Consider a boolean cube $\{0,1\}^n$ and a collection of colored subcubes $\{(C_a, \ell_a)\}_{a \in [N]}$, where $C_a \in \{0,1,*\}^n$ is a subcube and $\ell_a \in \mathbb{N}$ is a color. I will identify $C_a$ with a set $\{x \in \{0,1\}^n \mid \{x_j, *\} \ni (C_a)_j\}$.
Call a collection almost unique cover if $\Pr[\exists a\colon {\bf x} \in C_a] = 1$ and $\Pr[\exists a, b\in [N]\colon {\bf x} \in C_a \cap C_b \land \ell_a \neq \ell_b] \le 1/100$, i.e. the cubes cover the entire boolean cube, but the volume where different colors mix is small.
Question: suppose that codimension of each cube is bounded by $m$ (equivalently $|C_a| \ge 2^{n-m}$).
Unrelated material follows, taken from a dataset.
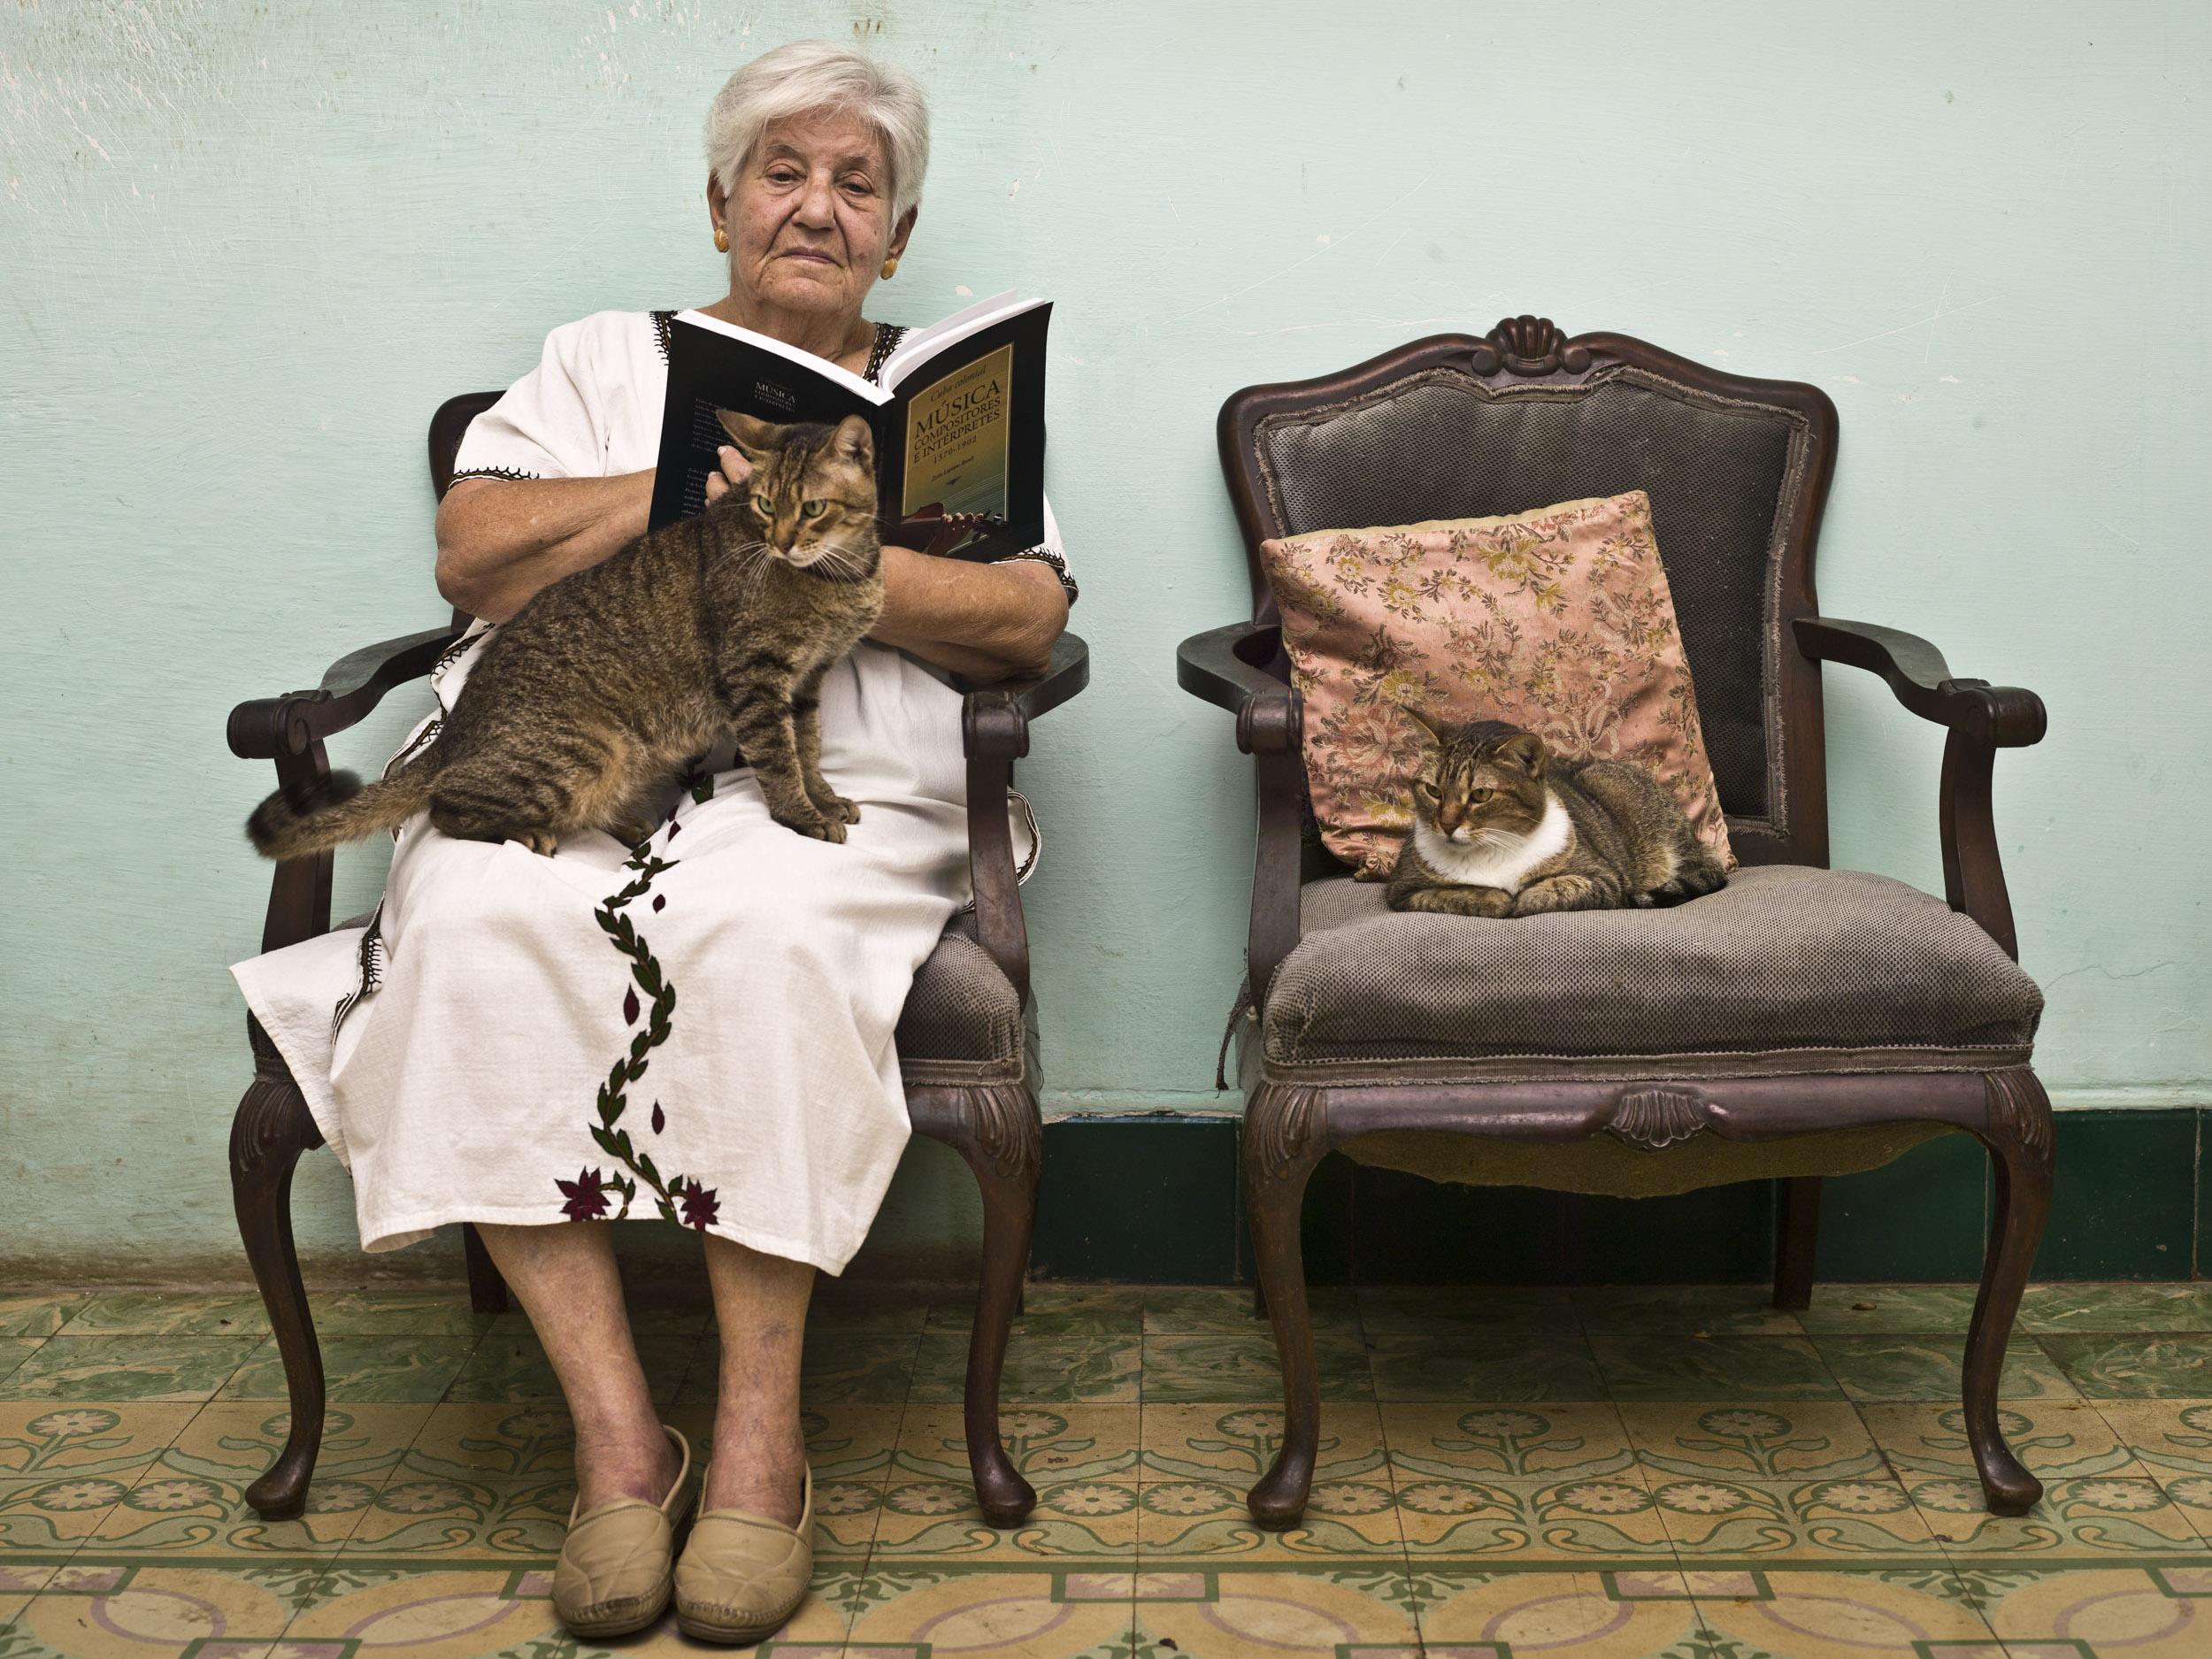 Zoila Lapique, writer - Illuminated Cuba - Hector Garrido, Aerial and human photography

Can we bound the number of distinct colors the cubes have by some $2^{m^{O(1)}}$? (I am interested in the larger and even ramsey-type bounds as well, but would prefer an exponent).
If we lift the requirement that cubes must form a cover, then the number of colors is unbounded in $m$: let $(C_a)_j = 0$ if $j \in [m-1]$ and if $j - (m-1) = a$, otherwise let $(C_a)_j = *$. Let all colors be different: $\ell_a = a$. Then the cubes intersect in the volume $2^{-(m-1)}$, but the number of colors is $N$ which does not depend on $m$.
Here is my naive attempt to bound the number of colors: is there is no point that is covered by more than $2^{m^3}$ colors, then since each color is presented in at least $2^{-m}$-fraction of points, the total number of colors is bounded by $2^{m^4}$. If on the other hand there is a point $y$ covered by $\ge 2^{m^3}$ points, then by the sunflower lemma we get that there is a cubcube $D_y \ni y$ of dimension $<m$ such that $\Pr[{\bf x} \text{ is covered by two different colors} \mid {\bf x} \in D_y] = 1 - \exp(2^{m^2 - o(m^2)})$. We can try to continue applying the sunflower lemma until we have covered all the points with $>2^{m^3}$ color coverage by subcubes where points are very likely to be covered by at least two subcubes, so in total we should cover at most $1/100$ of the volume. If we have, say $2^{m^3 - m^2}$ distinct cubes $D_y$, we can apply induction on $m$, but I don't see how to show that there must be a lot of different cubes.